Source: Albertsons Companies

Albertsons Companies Announces Contract to Sell 49% Interest in Casa Ley

Expects Holders would receive 87 to 90 cents cash per Casa Ley Contingent Value Right

BOISE, Idaho, Jan. 16, 2018 (GLOBE NEWSWIRE) --

Albertsons Companies announced today that Safeway Inc. has entered into a definitive agreement with Tenedora CL del Noroeste, S.A. de C.V. ("Tenedora") to sell its 49% interest in Mexico-based food and general merchandise retailer Casa Ley, S.A. de C. V. (Casa Ley) to Tenedora for a purchase price of MEX$6,500,000,000 (approximately US$345 million at today’s exchange rate).  The sale is subject to Mexican antitrust approval and other customary closing conditions and is expected to close by February 28, 2018.

In connection with the merger of Safeway into a wholly owned subsidiary of Albertsons Cos. on January 30, 2015, former holders of common stock of Safeway Inc. received Contingent Value Rights, or CVRs.  The Casa Ley CVRs represent the right to receive certain net proceeds from the sale of Safeway’s interest in Casa Ley.  Based on a CVR Agreement entered into at the time of the merger, the amount of net proceeds to be distributed will be based on the gross proceeds from the sale of the Casa Ley interest less expenses less taxes (calculated at a tax rate of 39.25% agreed in the CVR Agreement).  The net proceeds per CVR to be distributed to Casa Ley Holders at today’s exchange rate is estimated to be approximately 87 to 90 cents per Casa Ley CVR. 

Albertsons Cos. anticipates that the net proceeds will be distributed approximately six weeks after the closing of the sale.  Albertsons Cos. will announce the final amount of the distribution at that time.  The distribution will be the final distribution that will be made with respect to the Casa Ley CVRs.

There can be no assurance that the sale will close or that the net proceeds will be the same as estimated. 

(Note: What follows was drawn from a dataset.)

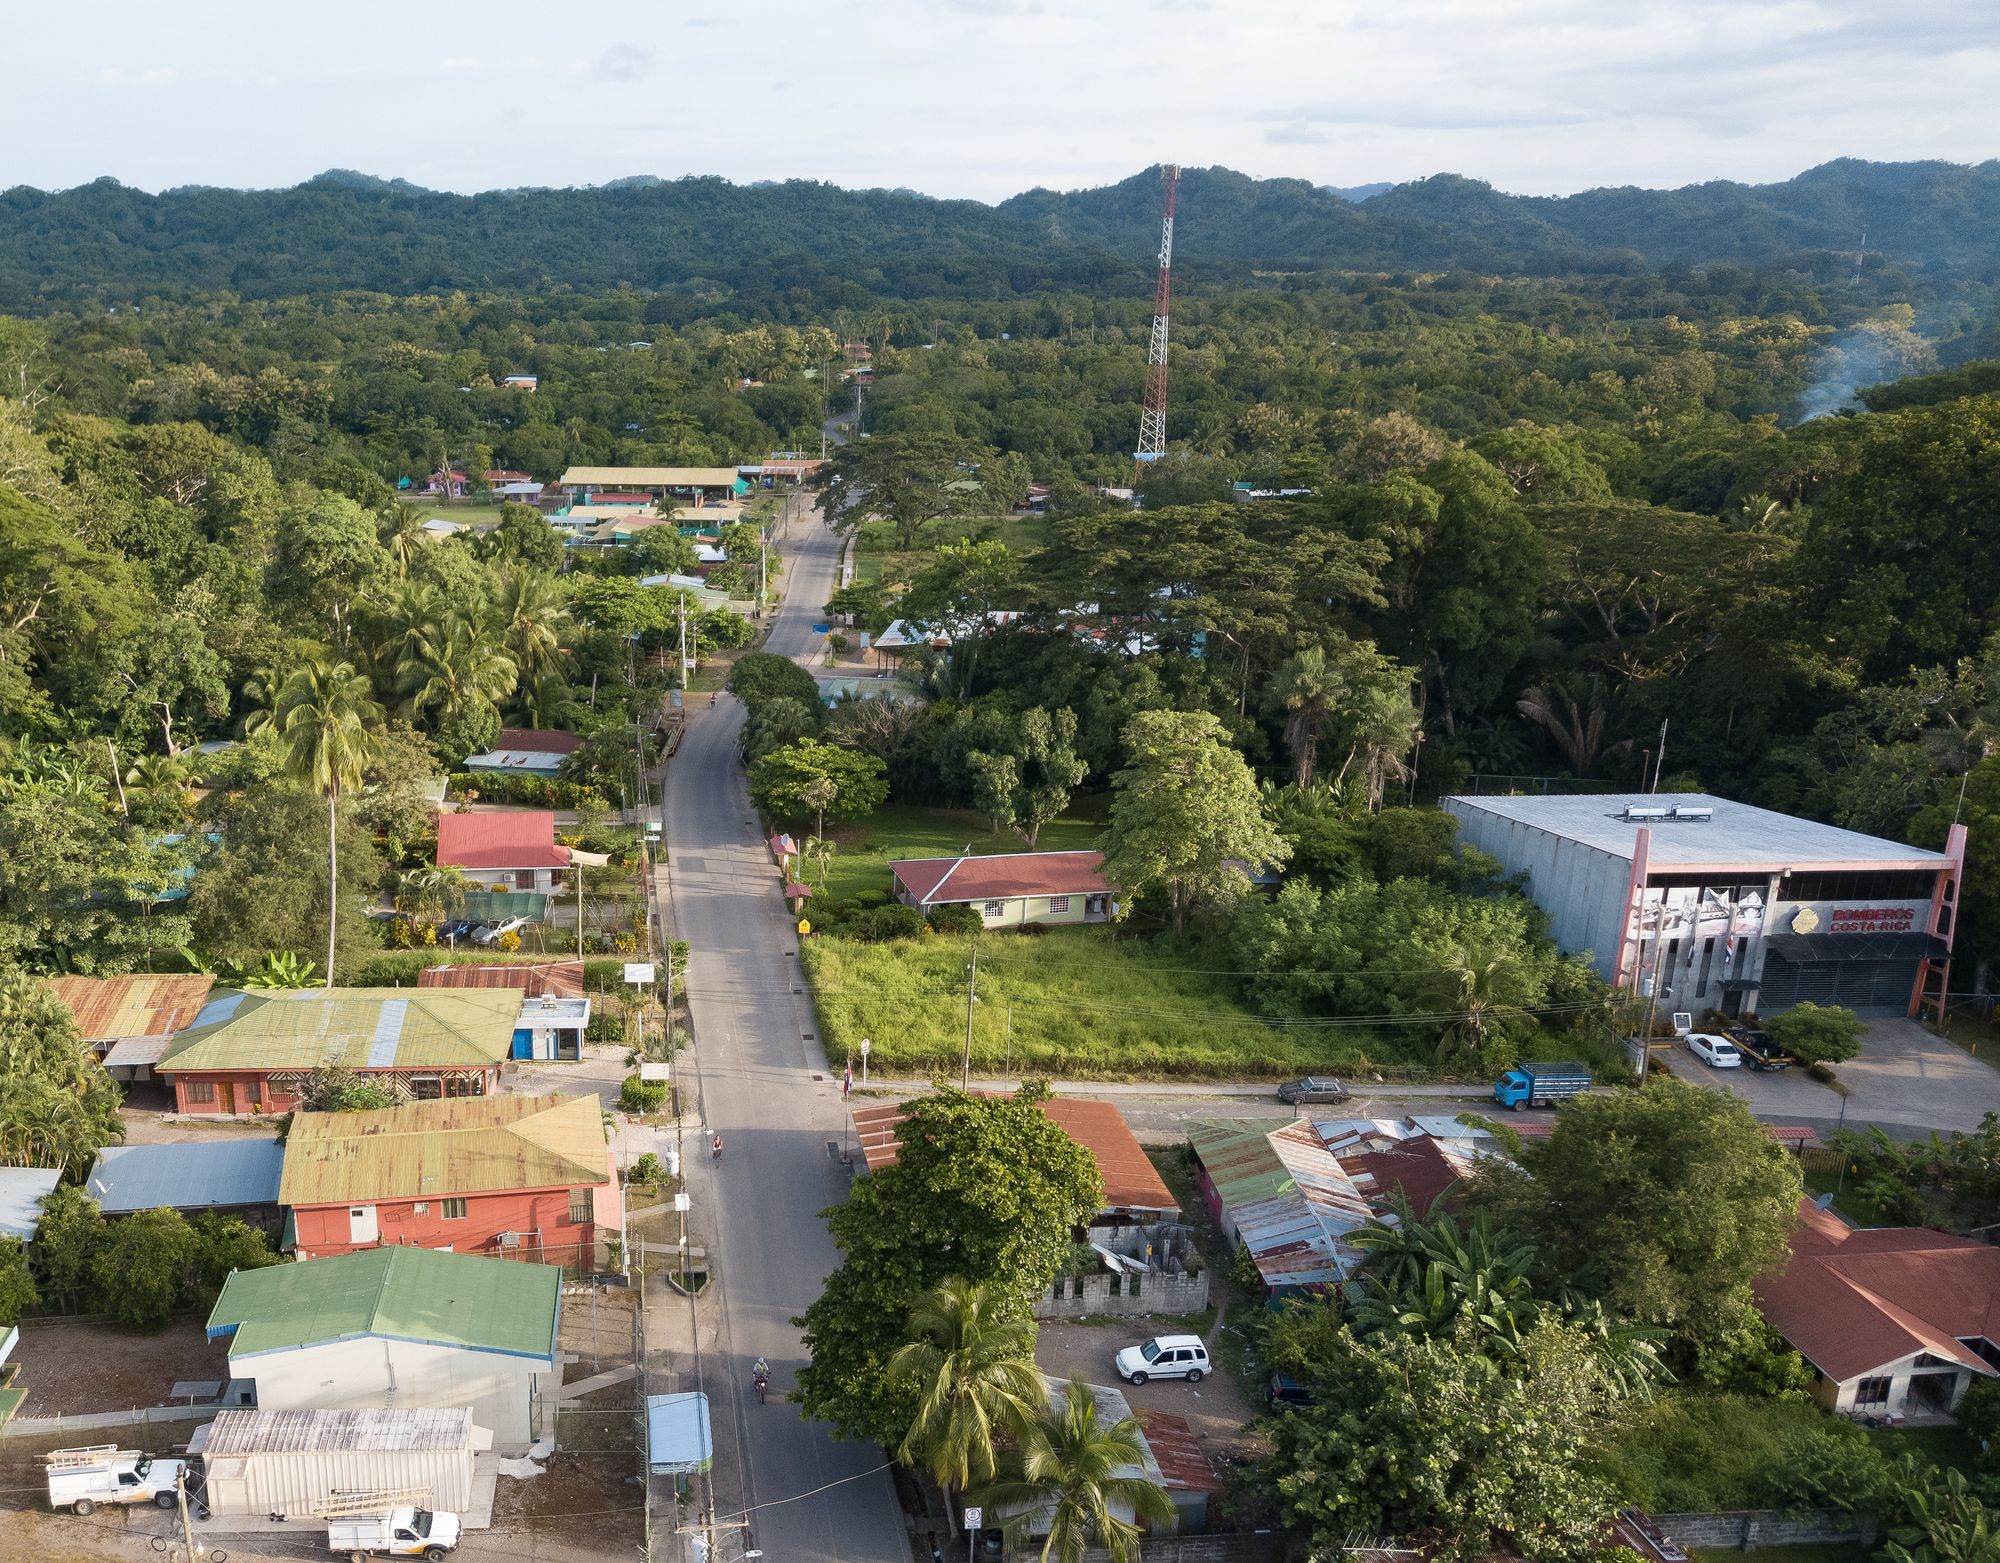 A photo of an Aerial view of Paquera, Costa Rica

Holders of CVRs should consult their tax advisors as to the tax treatment of the Casa Ley CVRs and any distribution thereon. For tax reporting purposes, Safeway reported at the time of the merger that the fair market value of each Casa Ley CVR was $1.0149, based on a third-party valuation. This amount was reflected on Forms 1099-B issued by the paying agent with respect to the merger consideration.    

Over the past three years, since the date on which the Casa Ley CVRs were issued, the Mexican peso to U.S. dollar exchange rate has deteriorated more than 20%.

Today’s announcement has no effect on the CVRs issued in connection with the merger with respect to the sale of Safeway’s former real estate development subsidiary, Property Development Centers (PDC).  Albertsons Cos. will provide more information on the PDC CVRs when it has more clarity on the amount and timing of distributions with respect to the PDC CVRs.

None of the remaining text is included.